There has been a lot of focus in the past year on Supplier Relationship Management, and rightfully so. As the efforts of Strategic Sourcing initiatives begin producing diminishing returns, SRM is heralded by most to be the next step: focusing more on delivering value to the organization and developing relationships that can produce competitive advantages in the market. However, an SRM policy is only effective if the proper suppliers are in place, which is why it is routinely classified as the next step after strategic sourcing. There is little value in curating and managing relationships with suppliers that are not firmly aligned with your organization’s strategic goals.
As we have seen with some of our clients, and as you might possibly have seen, there are plenty of bad buyer-supplier relationships out there. Inconsistent pricing, poor service quality, frequent miscommunications, questionable deliverables – there are myriad things that can make a relationship “bad” between a supplier and buyer and a variety of bad supplier relationships. There is one thing that is consistent to them all, however, and that is that no one ever sets out to have a bad relationship from the start. No buyer wants their suppliers to dislike them, and no supplier wants to deliver bad service.
So where do bad relationships come from? Years and years of negligence and mistakes. Bad relationships do not appear, they are created. And here are some of the common ways they are made:
The Supplier Was The Wrong Choice From The Start
A house built on sand cannot stand. Every project, be it a construction project or a contract for office supplies, should have a solid foundation. If the initial market search does not identify all potential suppliers, if only three are identified just to fulfill an internal procurement policy, or (worst-case scenario) no supplier search is ever conducted, there is no guarantee that the best supplier has been identified. Only by identifying every supplier in the market space and vetting them to your specific requirements will you identify the best-fit supplier to your needs.

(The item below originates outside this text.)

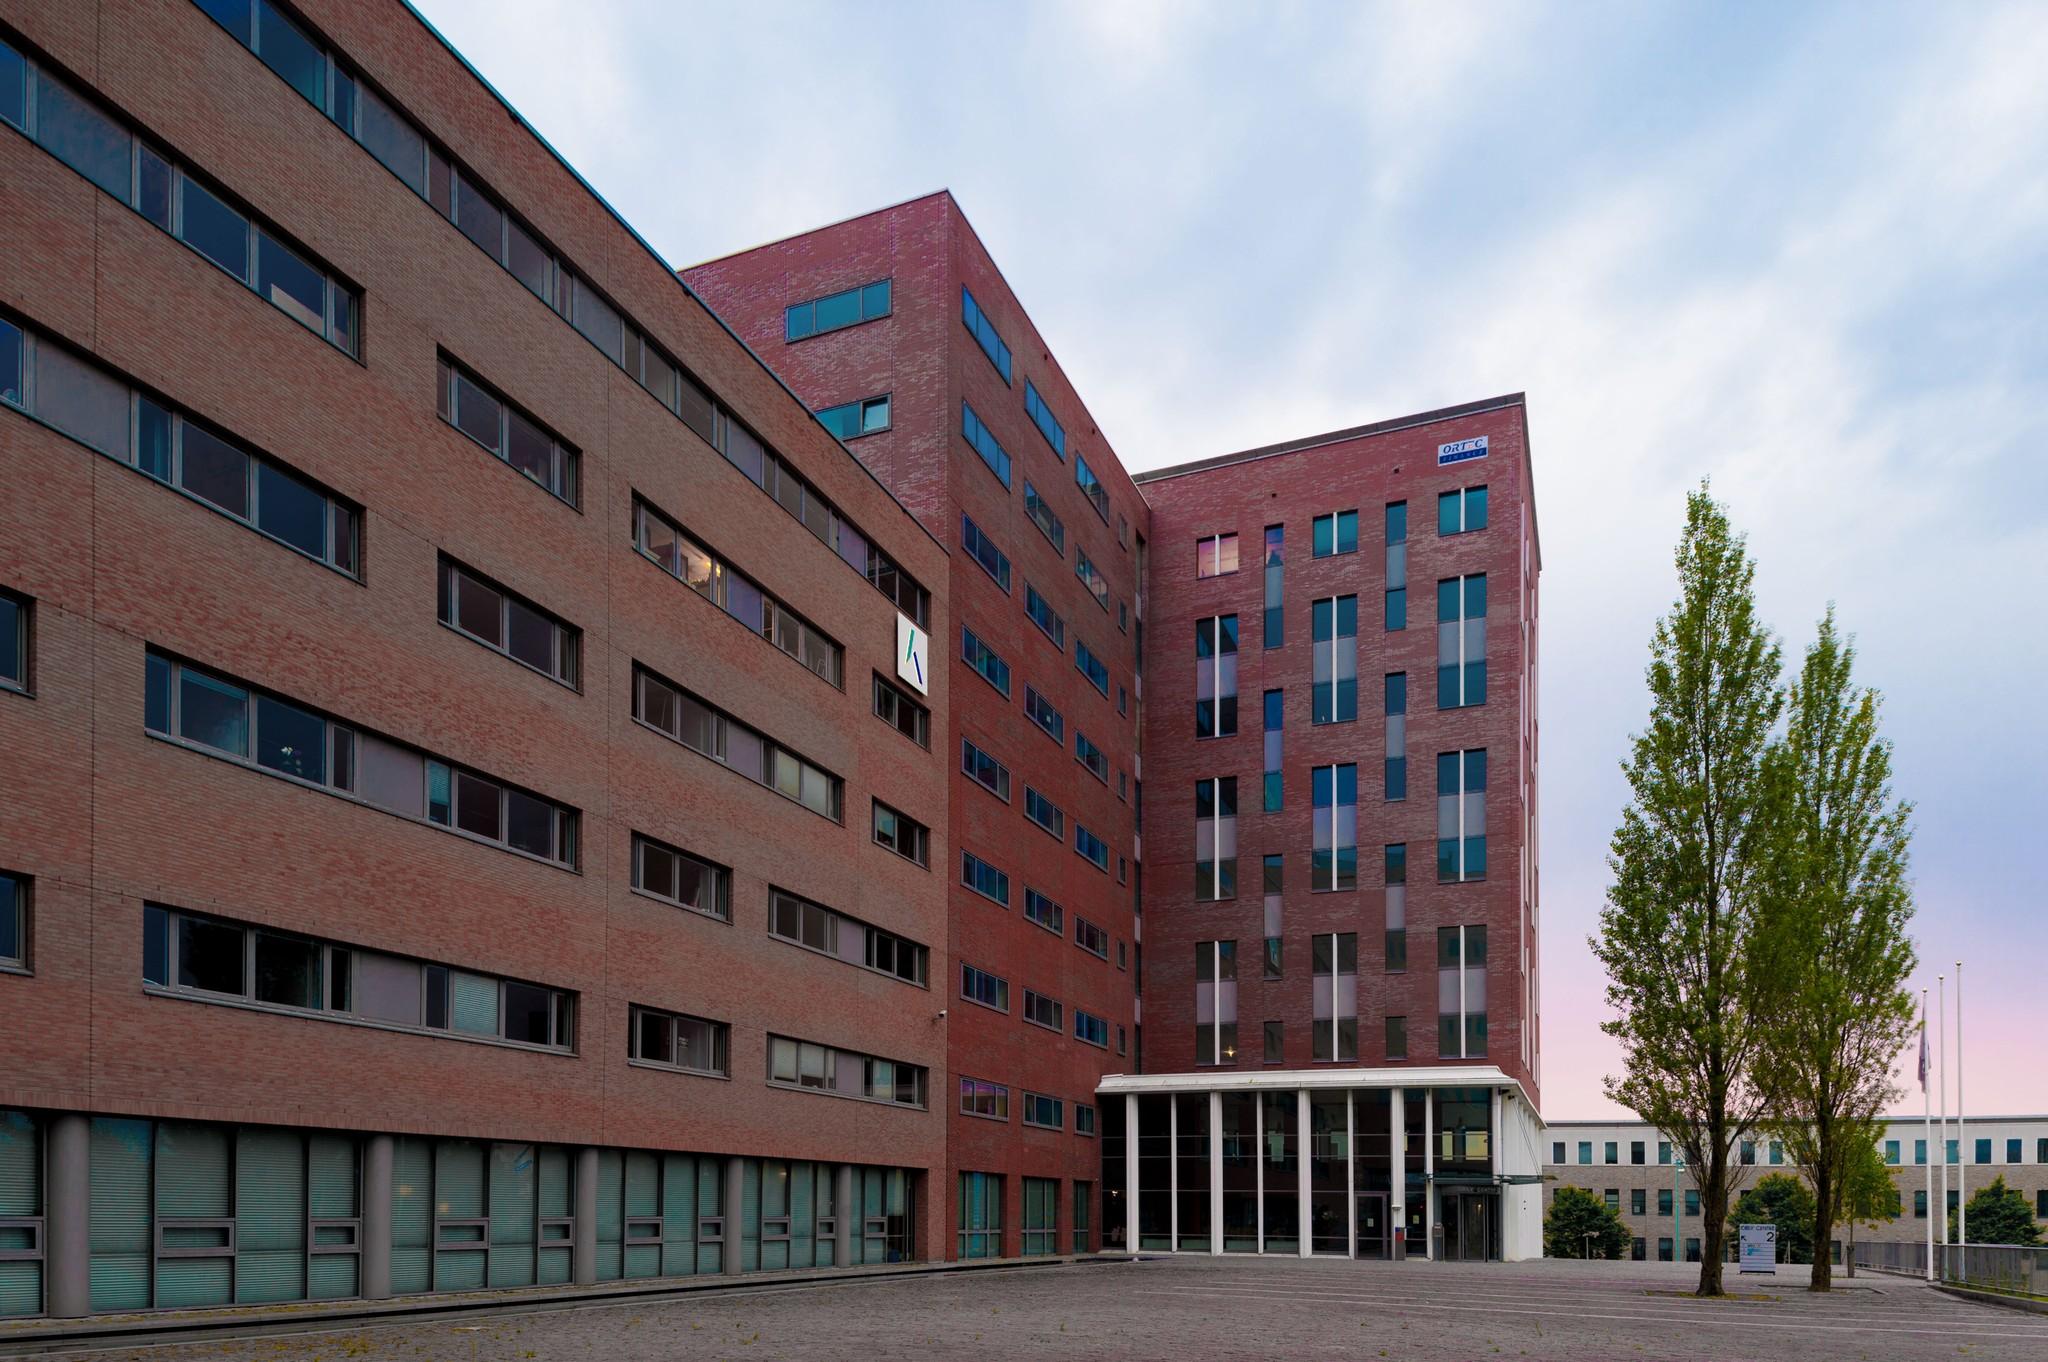 Kantoor te huur almere kantoor huren almere bedrijfsruimte
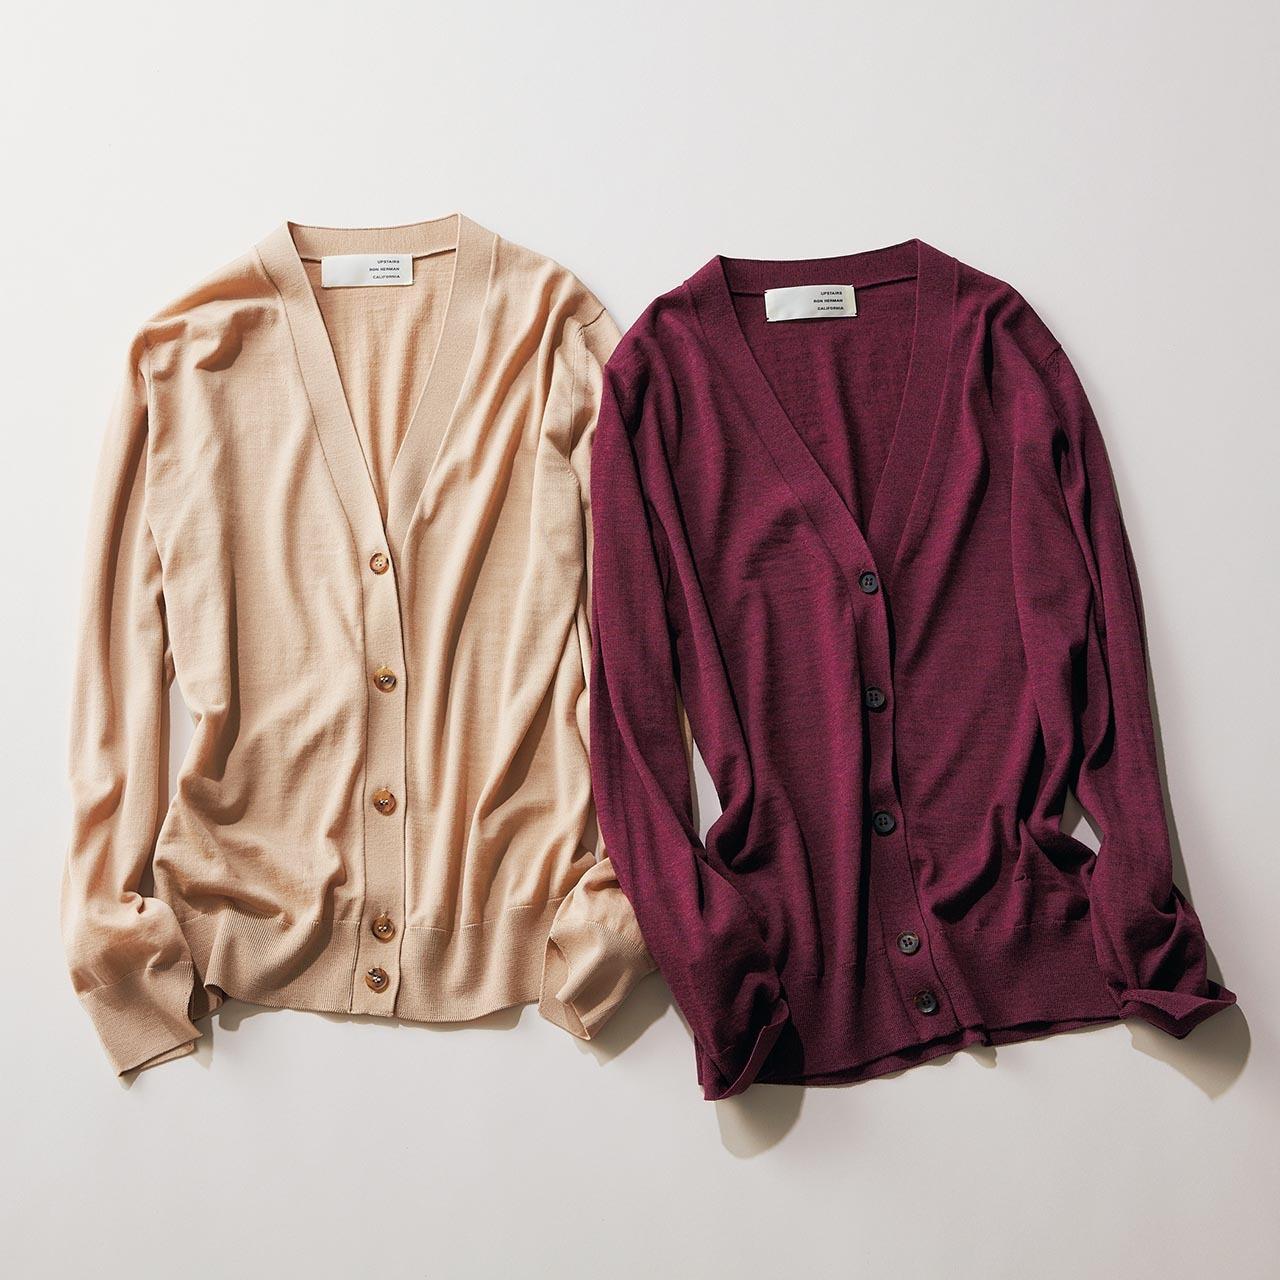 ファッション タートルニッイタリア・ロロピアーナ社のウールを使用した、非常に細いゲージで編まれたニットカーディガン

The Supplier Never Had A Grasp On Expectations
Needs and expected performance are typically communicated to suppliers through a Statement of Work (SoW). While they appear simple on the surface, these documents should never be taken lightly. Situations involving a “bad supplier”, however, often involve a bad SoW. A good SoW should always include a high level description of the work expected as well as detailed discussions on the project’s objective, scope, deliverables & expectations, assigned resources & roles, schedules & timelines, and expected service levels. Failure to define any of these fields leaves room for a misunderstanding between a buyer and supplier, and leaves the buyer without recourse should they wish to hold the SoW against the supplier.
The Supplier Was Never Managed
While SRM involves managing suppliers, that type of management is at a higher, partner-like level and reserved for those strategic partners whose goods and services are critical to an organization’s operation. Basic supplier management mainly involves performance monitoring – Are deliverables arriving on agreed-upon times and at agreed-upon prices? Are service levels where they are contractually obligated to be? – and communication with the supplier to rectify any gaps or issues.
This step is near-impossible if there is no contract, or the SoW issues from the previous section are present, but all suppliers should be managed to the extent the agreements and the SoW allow.
The Supplier Is Terrible
The fact of the matter is that a buyer can follow all proper procedures, identify a supplier that says all of the right things, structure a detailed and exacting agreement and SoW, and attempt to manage effectively, and still have a bad supplier relationship. Instances like this are rare, but can often mean the supplier is just a bad supplier. A poor-performing supplier that does not perform their obligations and refuses to communicate negatively affects the relationship, and often times the buyer’s fiscal standing, and leaves the buyer little recourse but to identify alternatives and plan an exit strategy.